Distributions of the exempt amount

Section 152-125 of the ITAA 1997 provides that, if a capital gain made by a company is disregarded under the small business 15-year exemption, or would have been except that the capital gain was disregarded anyway because the relevant CGT asset was acquired before 20 September 1985, any distribution made by the company of that exempt amount to a CGT concession stakeholder is not included in the assessable income of the CGT concession stakeholder, and not deductible to the company, if the following conditions are satisfied:

    ● the company makes a payment within two years after the CGT event that resulted in the capital gain or, in appropriate circumstances, such further time as allowed by the Commissioner

    ● the payment is made to an individual who was a CGT concession stakeholder of the company just before the CGT event, and

    ● the total payments made to each CGT concession stakeholder does not exceed an amount determined by multiplying the CGT concession stakeholders control percentage by the exempt amount.

CGT event A1 – Disposal of a CGT asset

CGT event A1 happens if an entity disposes of a CGT asset (subsection 104-10(1) of the ITAA 1997), such as when an asset is transferred from one entity to another by way of sale or gift.

If the asset is disposed of under a contract, CGT event A1 happens when the contract is entered into, or if there is no contract, when the change of ownership occurs (subsection 104-10(3) of the ITAA 1997).

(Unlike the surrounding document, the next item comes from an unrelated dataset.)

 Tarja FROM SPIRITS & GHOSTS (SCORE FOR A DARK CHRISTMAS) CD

If an asset is acquired as a result of CGT event A1 happening the asset is acquired when the disposal contract is entered into or, if none, when the disposing entity stops being the asset’s owner (subsection 109-5(2) of the ITAA 1997).

A capital gain you make is disregarded if you acquired the asset before 20 September 1985 (paragraph 104-10(5)(a) of the ITAA 1997).

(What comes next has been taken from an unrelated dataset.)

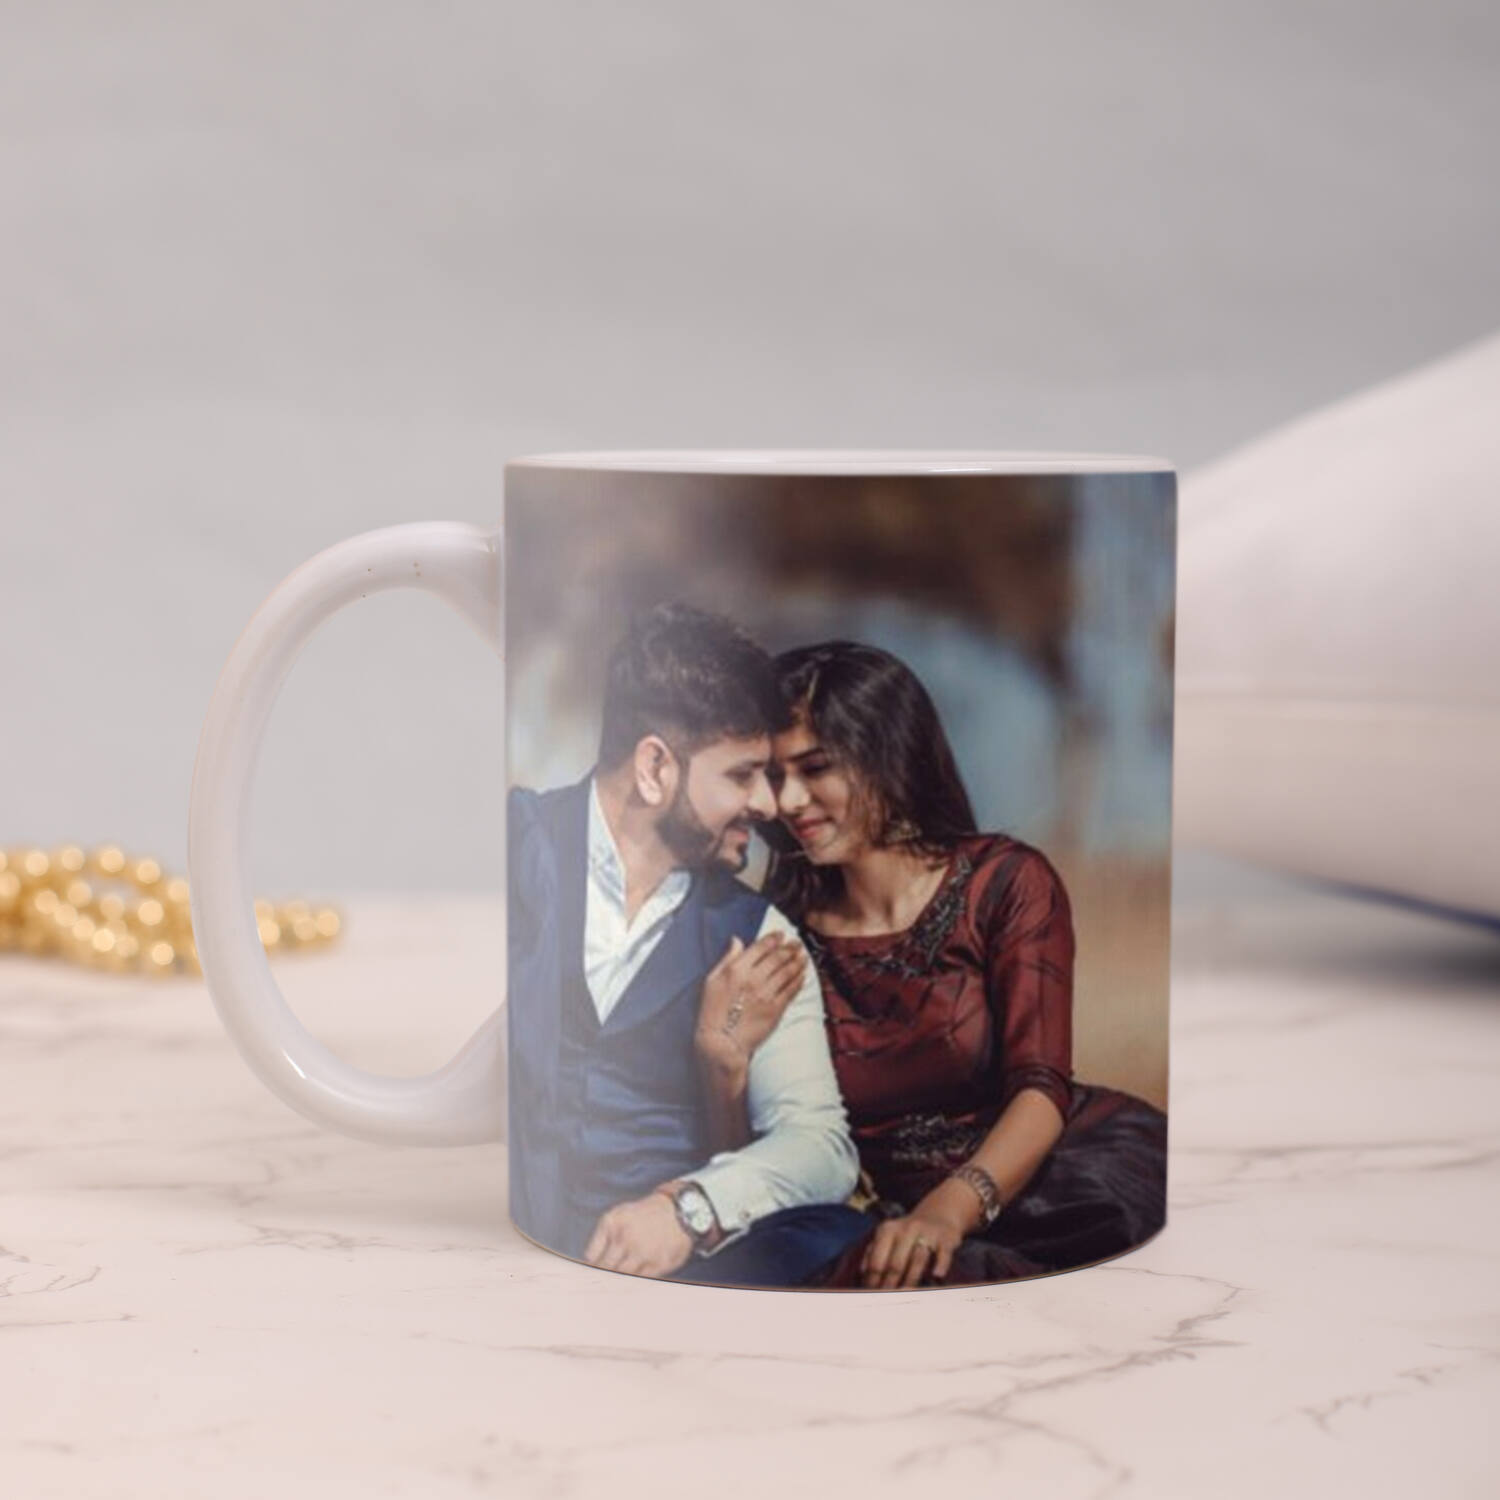 35 Gifts for Your Fiancé Thatll Make Em Glad They Picked You

Application to your circumstances

Question 1

In this case:

    ● Person A will satisfy the basic conditions

    ● Person A will have owned the shares in Company A for over 15 years

    ● Person A will be over 55 at the time of the disposal

    ● the disposal of the shares will happen in connection with Person A’s retirement, and

    ● the active assets, financial instruments and cash of the company will be more than 80% of the market value of all the assets in the company.

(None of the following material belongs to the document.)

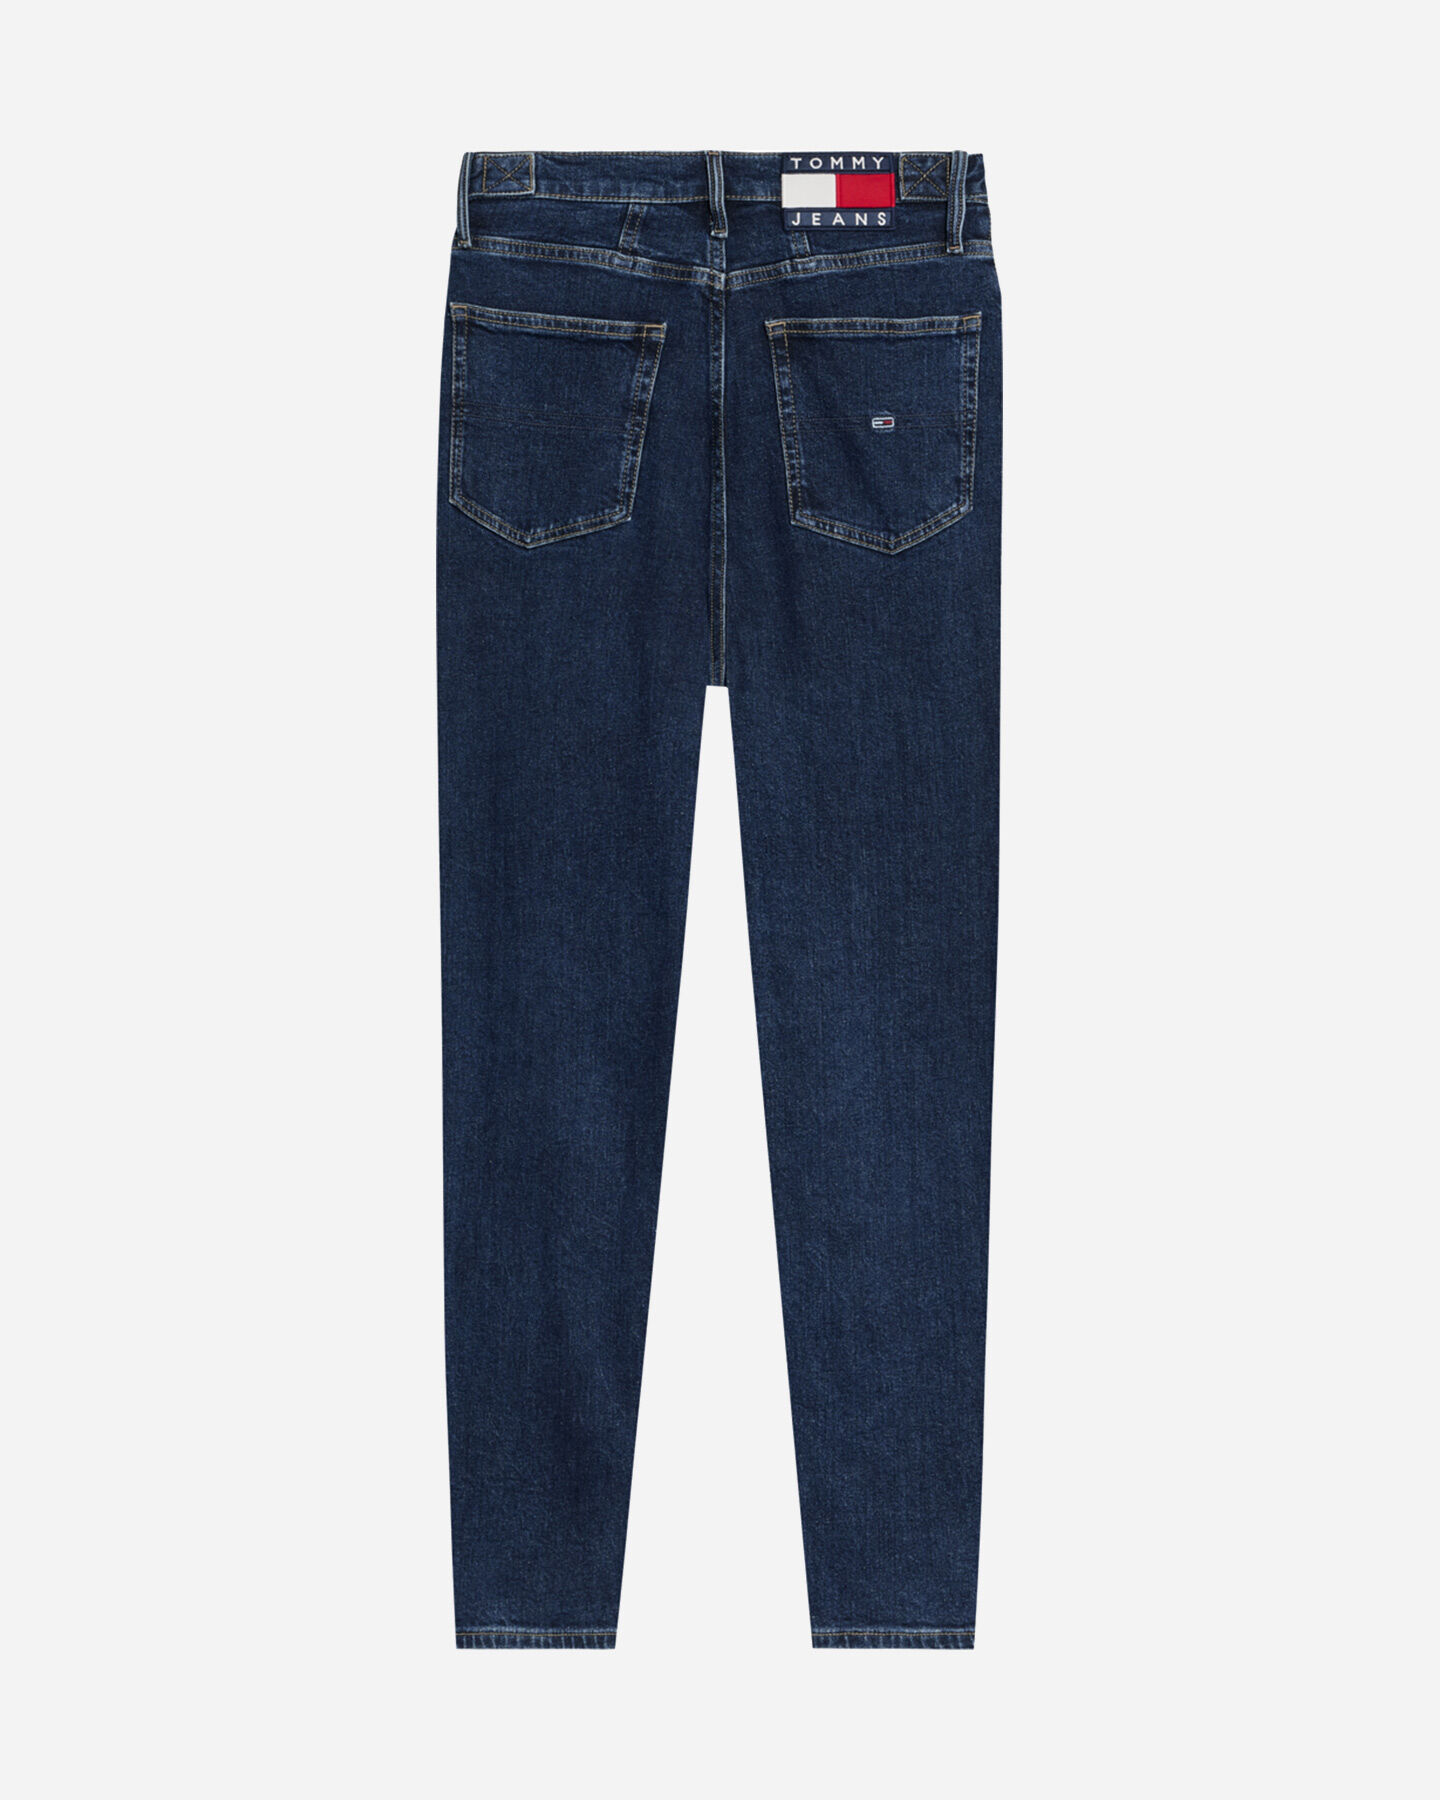  Jeans TOMMY HILFIGER MOM UHR L30 W S4115047|1BK|26 scatto 1

Accordingly, Person A satisfies all the conditions necessary to be eligible for the small business 15-year exemption concession on the disposal of the post-CGT shares in Company A. The capital gain made on the disposal of the shares can be disregarded.

Questions 2&3

In this case, as the property is a pre-CGT asset, that is, it was acquired before 20 September 1985, any capital gain Company A makes from the transfer/disposal of the property will be disregarded under paragraph 104-10(5)(a) of the ITAA 1997. However, if the property was not a pre-CGT asset, Company A would qualify for the small business 15-year exemption because:

    ● Company A would satisfy the basic conditions

    ● Company A will have owned the property for over 15 years

    ● Company A will have had a significant individual for a total of at least 15 years during which it has owned the property

    ● Company A will have had a significant individual who will be over 55 just before the disposal of the property, and

    ● the disposal of the property will happen in connection with their retirement.

As such, provided the payment of the exempt amount is made to Person A within two years of the CGT event and it does not exceed an amount determined by multiplying his control percentage by the exempt amount the payment will not be included in his assessable income.